If pregnancy were an equation for me, it would look like this:




When I was pregnant with the Princeling in 2008 my feet swelled up so badly that people were actually horrified. I remember meeting a friend for dinner and she took one look at my feet and said, "Oh my god, I thought you were exaggerating but they are actually worse than what you said!" My obstetrician actually made me get an ultrasound on my left leg because my left foot was swollen disproportionately larger than my right. My husband nicknamed my left foot "Monstro." He used to play with my feet like they were Silly Putty, poking his finger into the mess and then making sick little noises of disgust when the indentation stayed there.



Me and my best friend Tia the night before my baby
shower, August 2008. Not pictured: Monstro.

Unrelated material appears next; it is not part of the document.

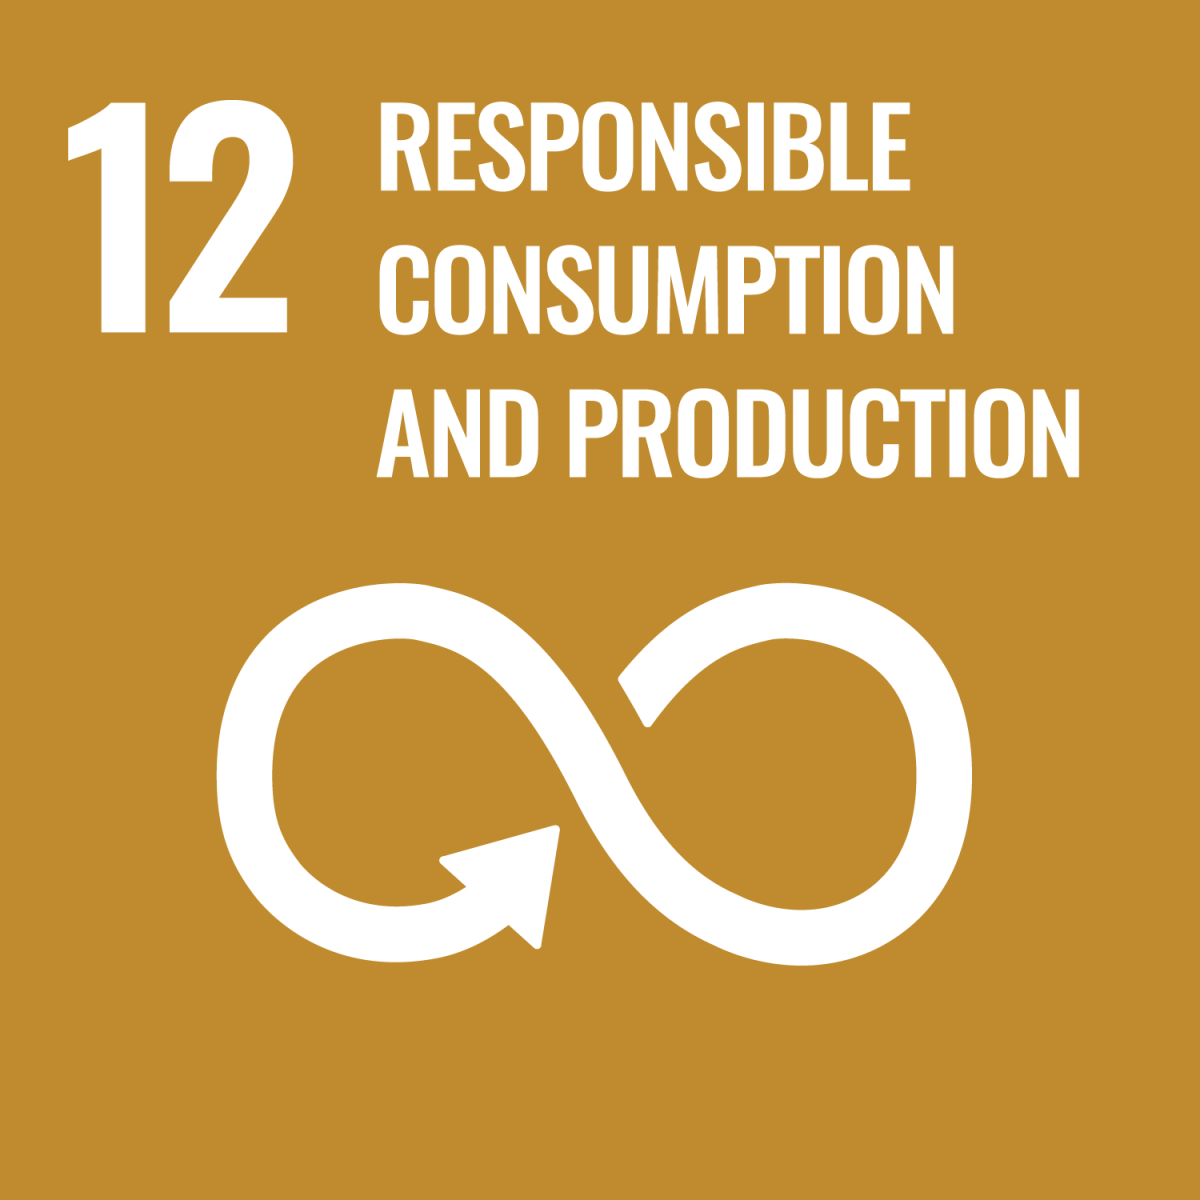 Shows UN SDG 12 Responsible Consumption and Production
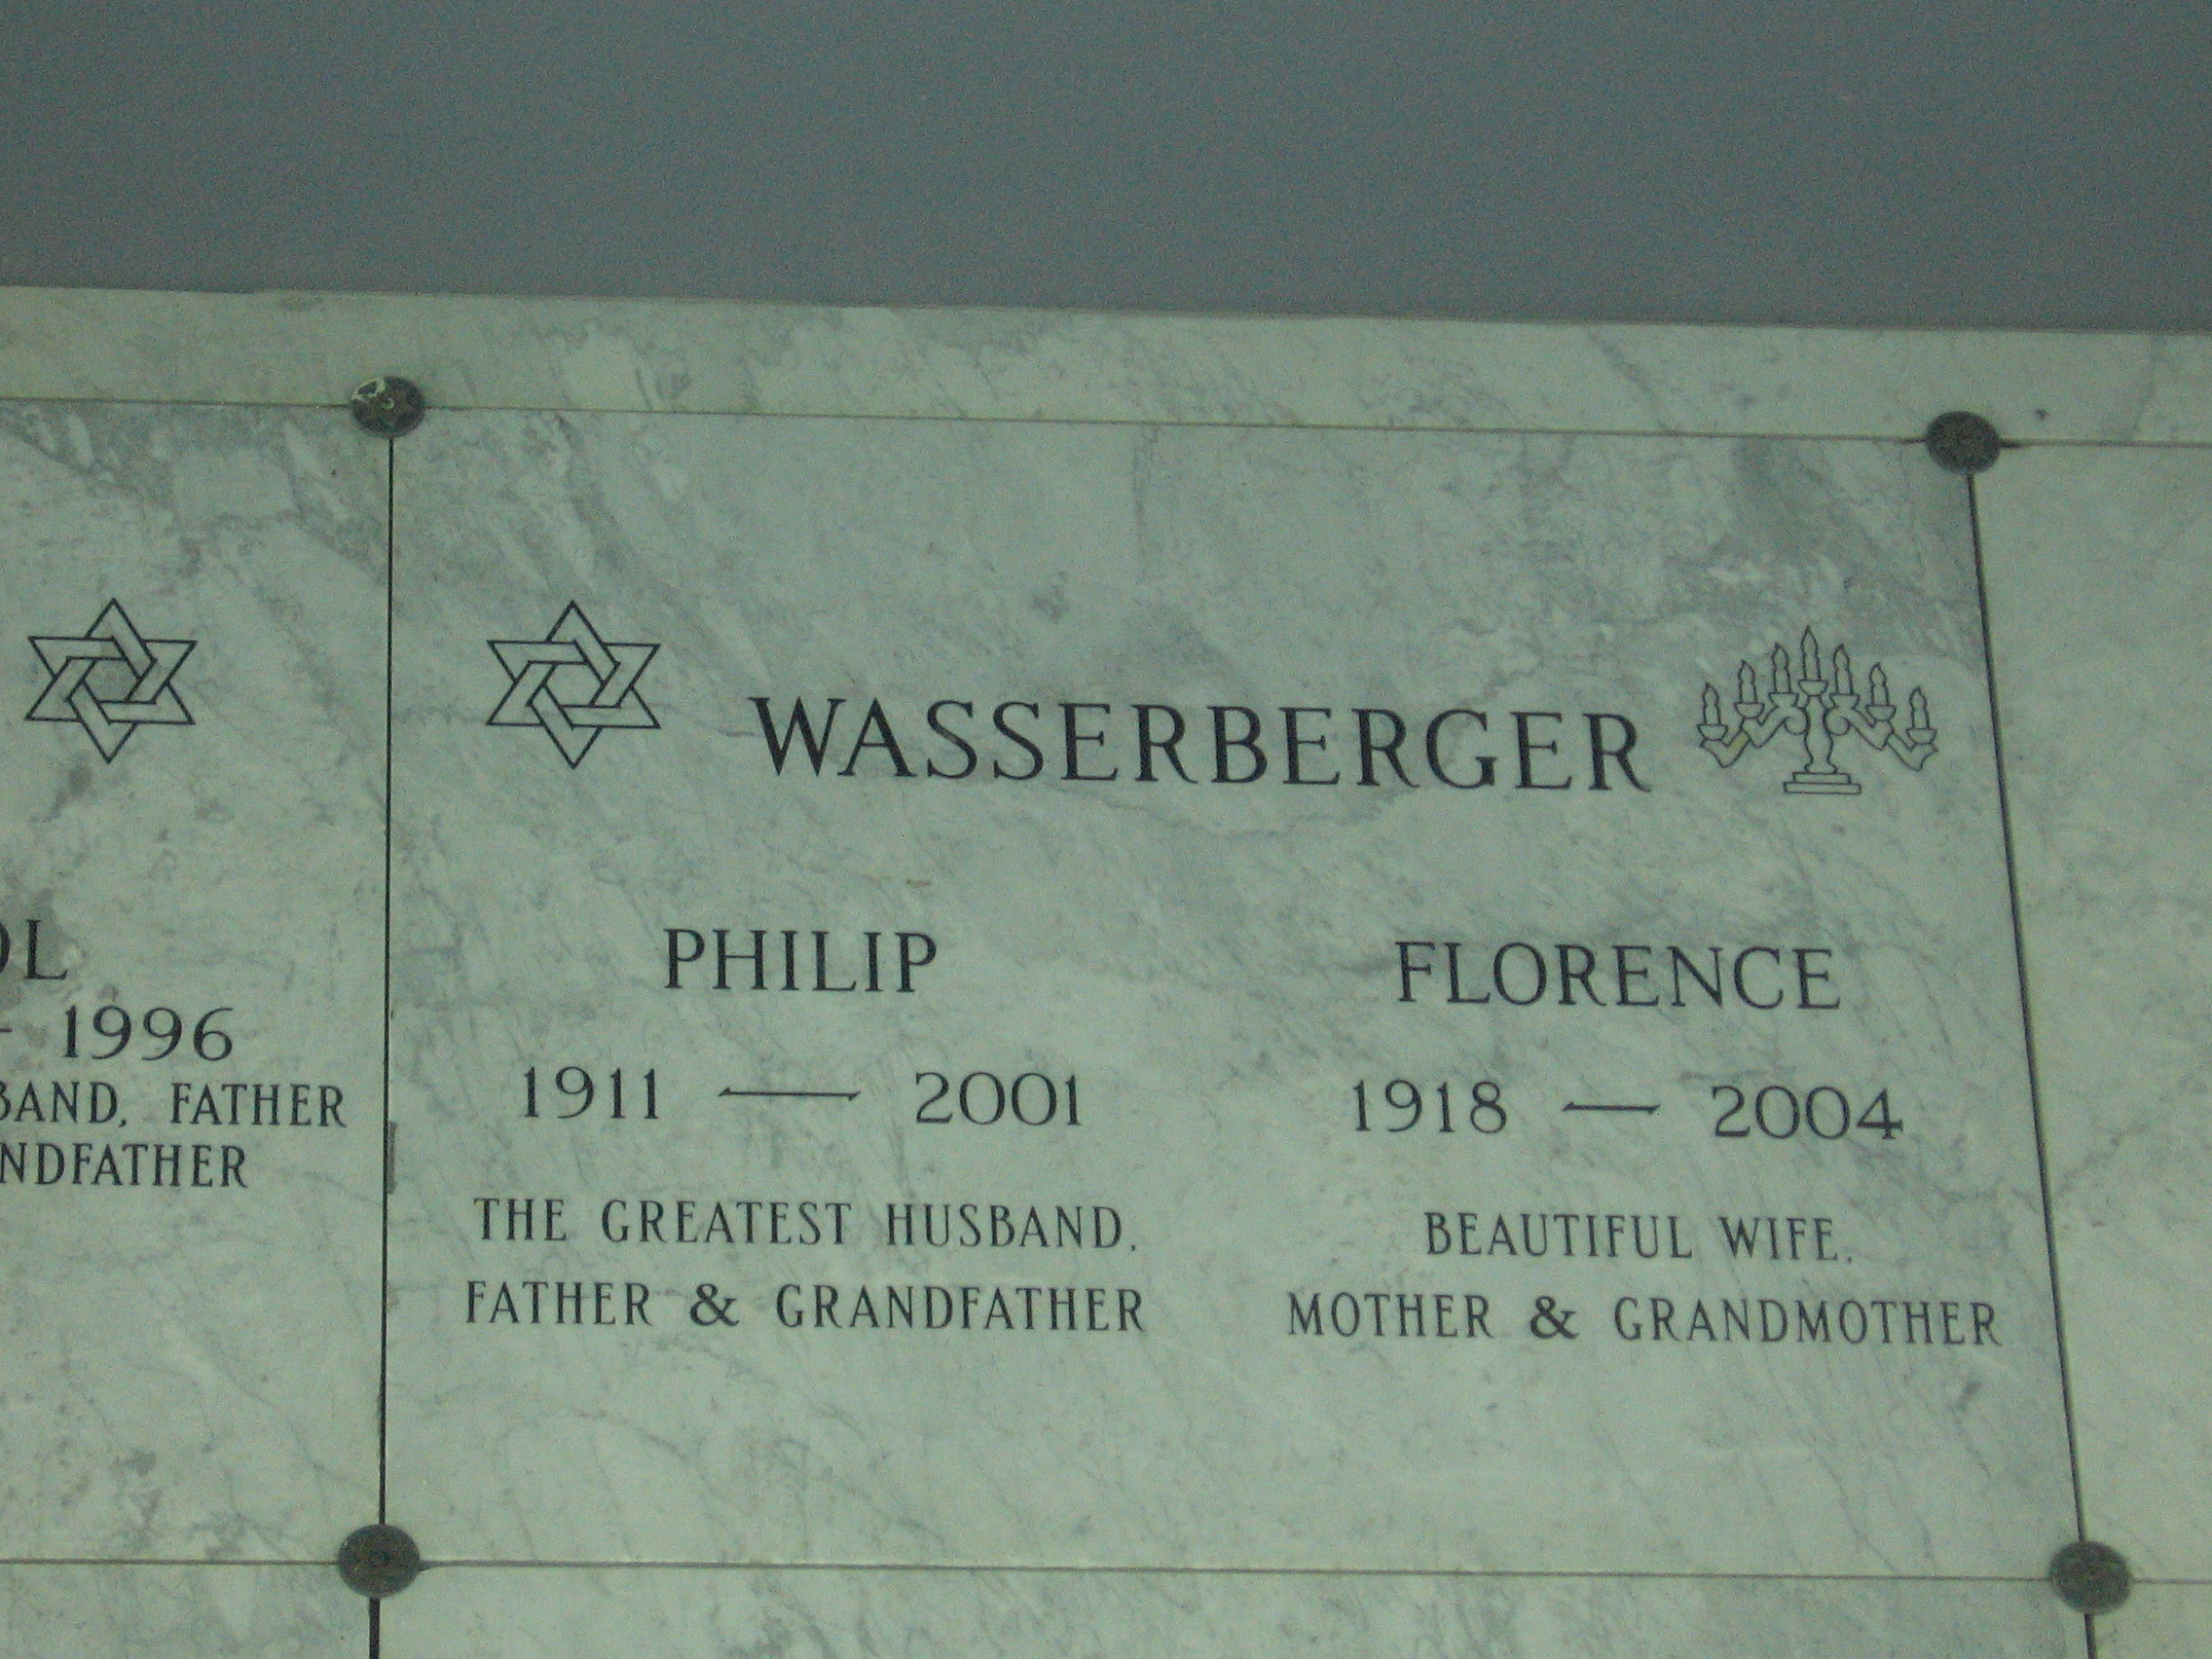 Philip Wasserberger

So with all that in mind, I really just want to get through the next 8 months as quickly as possible. And I'm sure you do, too. Because I am not a "suffer in silence" martyr type. My misery is your misery. My swollen feet, hemorrhoids, gas, backaches, cramps, and vomit are YOUR swollen feet, hemorrhoids, gas, backaches, cramps and vomit. But, together we will get through my pregnancy. And let me just say it now so you all know: I love you. You are special to me. I can't do it without you. Please don't leave me alone. And for god's sake, do NOT block the way to the bathroom.



*That's the in-utero name we're using this time around. We got it from the new recruits on Battlestar Galactica. Yes, really.

**Three fortune-telling devices have all predicted a girl: the Chinese Gender Predictor on thebump.com, my mother-in-law's Cuban numerology voodoo, and my son's girlfriend. Of course we'll be happy if it's a boy, too, but my MIL and a 2-year old and the Chinese don't lie.